Fabbio Spazziris : S'il vous plait, laissez-moi voir vos mains. Voilà, mains sur le bureau, ah ah, comme à l'école, sinon c'est un coup de règle. Non, je plaisante, bien sûr. Voilà, on est tout bon ?
Il fait signe à une gardienne de fermer les portes derrière elle en quittant la salle.
Fabbio Spazziris : Mes chers amis, c'est un grand jour.

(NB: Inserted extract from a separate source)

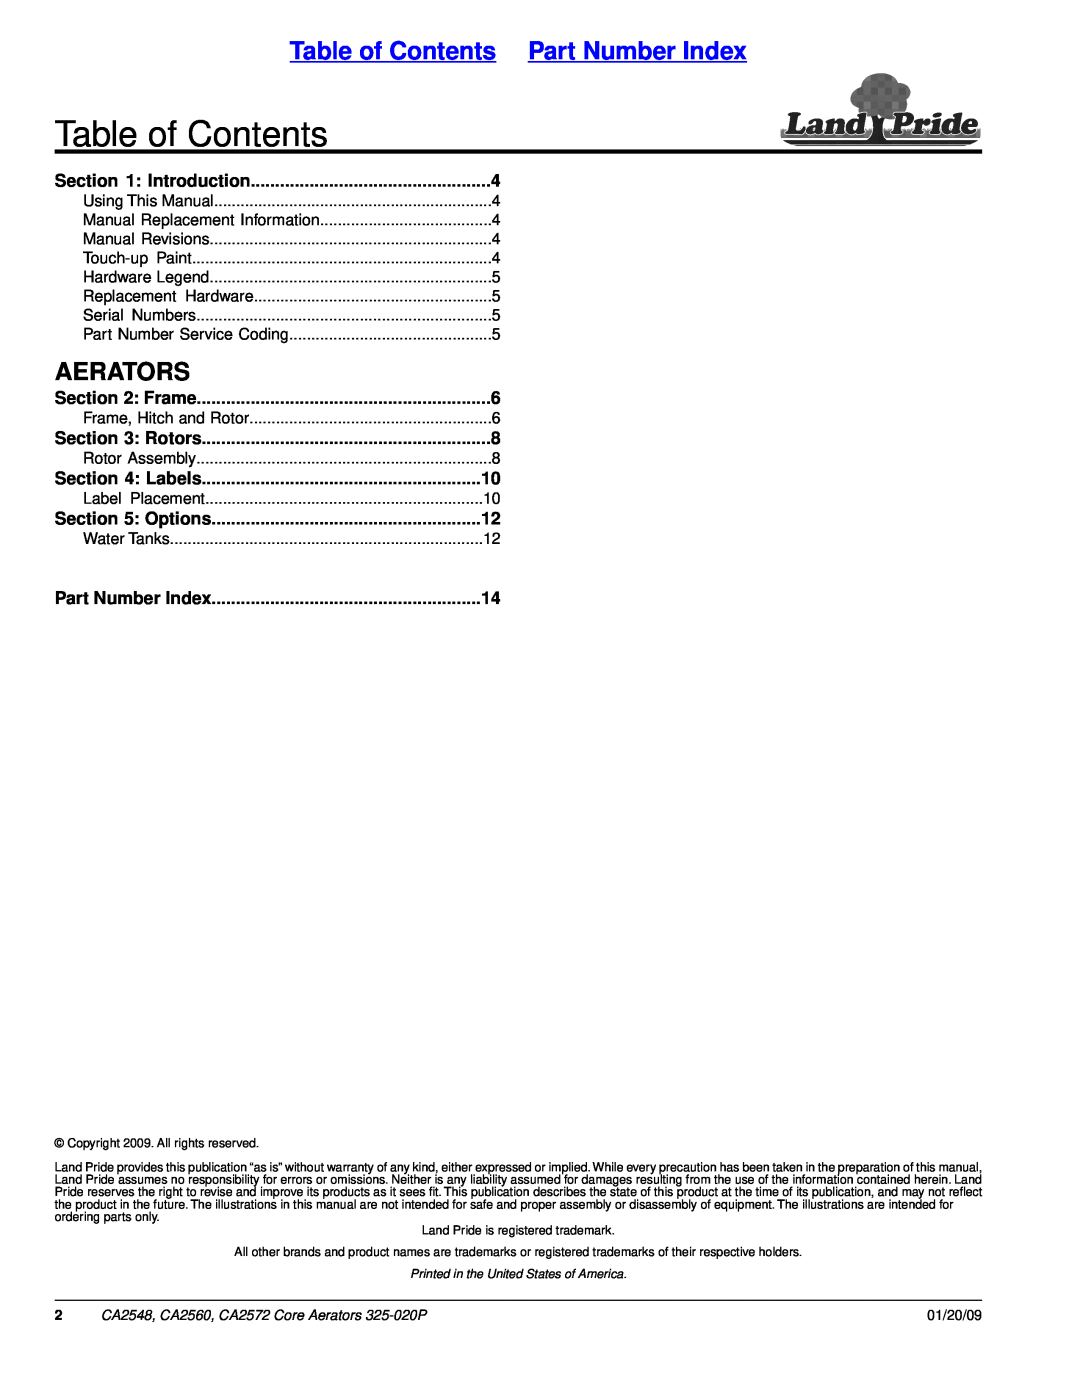 Land Pride CA2548, CA2572 Aerators, Table of Contents Part Number Index, Introduction, Frame, Rotors, Labels, Options

Stupéfaction, puis amusement.
Fabbio Spazziris : Si, si, une province sur trois veut créer sa propre monnaie, deux provinces sur trois veulent faire sécession, la Présidence est décapitée, du moins pour l'instant, on n'est pas sûr qu'il reste assez de présidents de province pour nommer un dirigeant à l'exécutif...
L'amusement fait place à des rires plus francs. "Tu es un génie, Fabbio !" lance un des hommes.

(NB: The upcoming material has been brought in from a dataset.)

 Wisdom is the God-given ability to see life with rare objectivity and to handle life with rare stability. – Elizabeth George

Fabbio Spazziris : Oh non, j'ai du sang froid, c'est tout, mais c'est gentil. Ce n'est pas du génie, c'est du sang froid. Alors voilà, les distributeurs sont fermés depuis deux jours en Alilée, pareil en Arovaquie, on les a fermé ce matin en Nazalie - mais pas de mouvement, n'est-ce pas Lisa ?

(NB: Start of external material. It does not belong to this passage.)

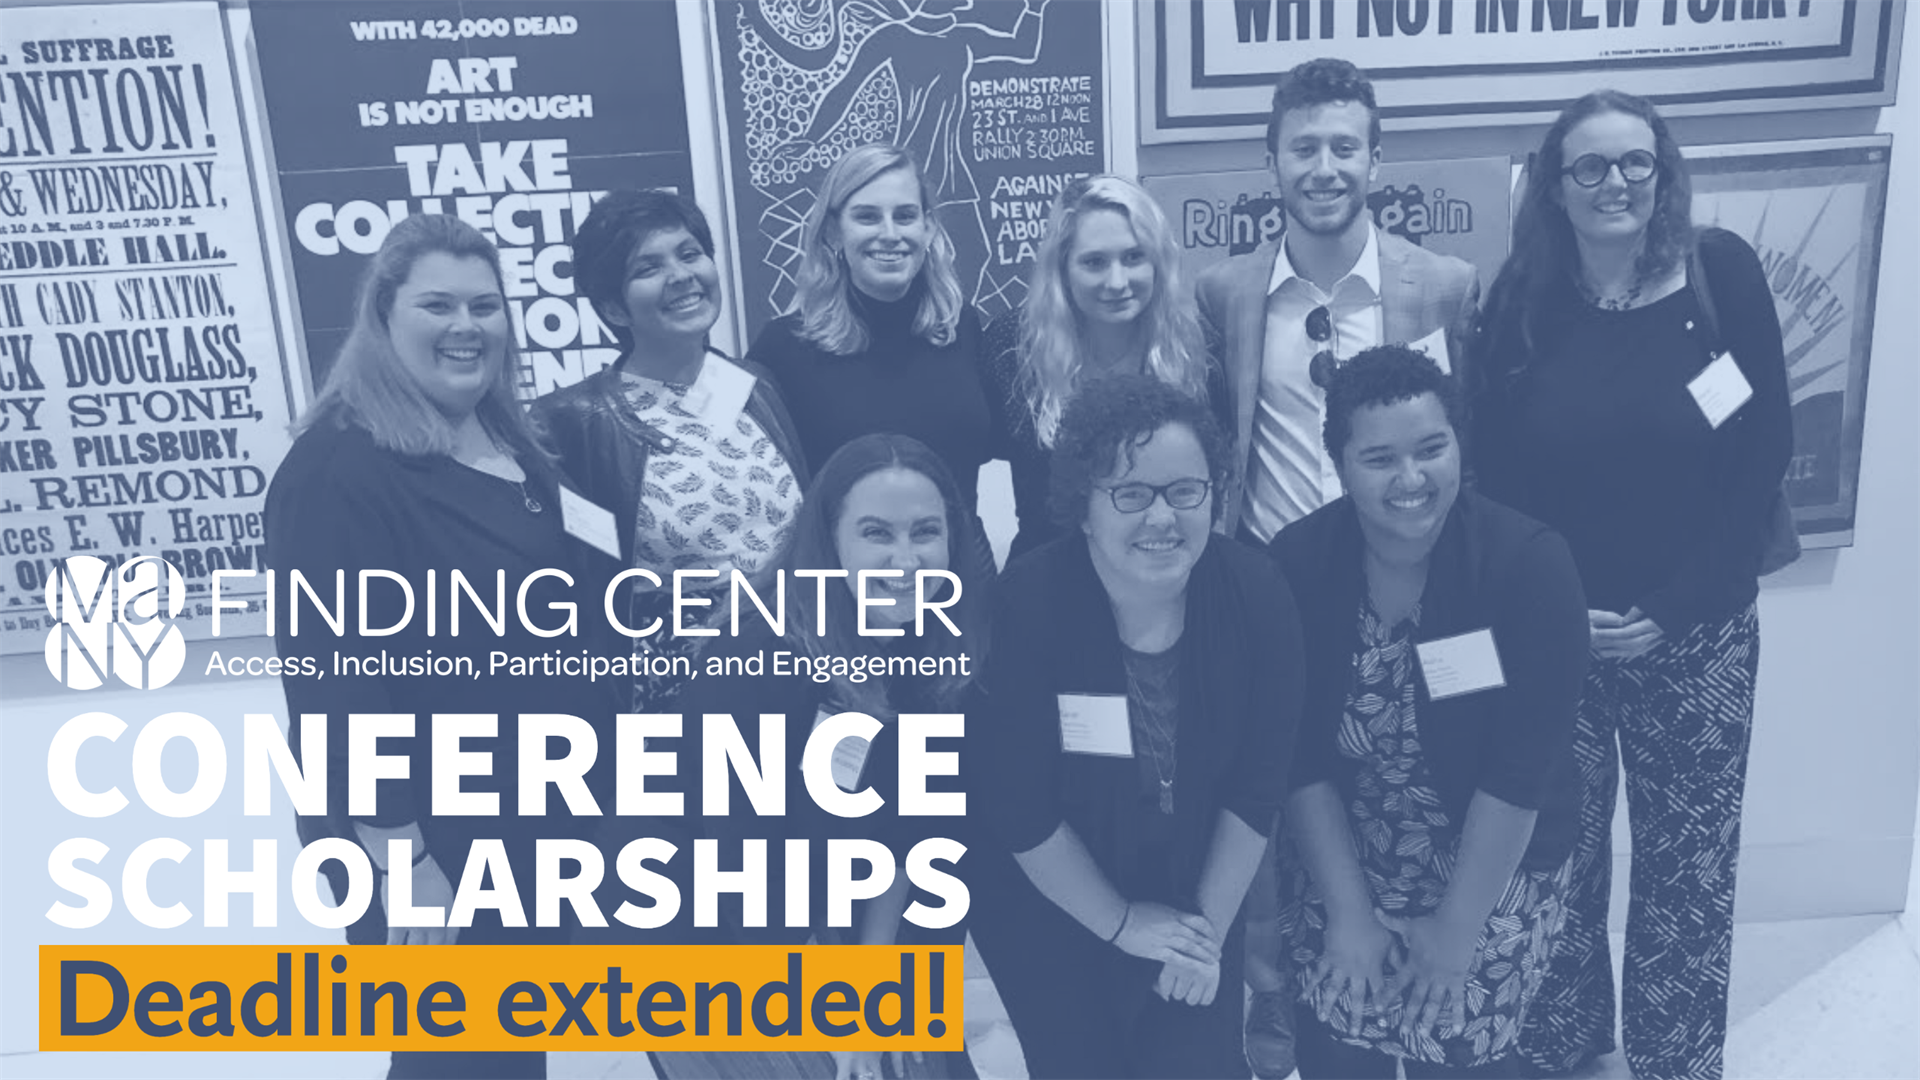 Conference Scholarship Applications Due Friday!

Une quinquagénaire à lunettes, tailleur, cheveux d'une mauvaise couleur rousse lui répond.
Lisa : Rien de spécial, comme un samedi je dirais.
Fabbio Spazziris : Ils sont bien ces Nazaliens. Donc pas de mouvement particulier. Enfin tout est fermé. Vous avez annoncé la réouverture comme prévu ?
Lisa : Réouverture annoncée sur toutes les télévisions dans 24h. L'annulation du projet a été comprise jusqu'en dehors des frontières, jusqu'au Vonalya, alors c'est pour dire.
Fabbio Spazziris : Voilà. Et donc, je vous laisse me dire, même si je le sais déjà, où est la Lire ?
Lisa : Elle est loin, elle est haute, bien haute, presque au-dessus d'il y a trois jours. Elle est bien remontée.
Fabbio Spazziris : C'est bien la preuve que plus personne ne s'y attend.
Il fait une pause, se penche sur la gauche, sort un papier de sa poche arrière droite et le déplie.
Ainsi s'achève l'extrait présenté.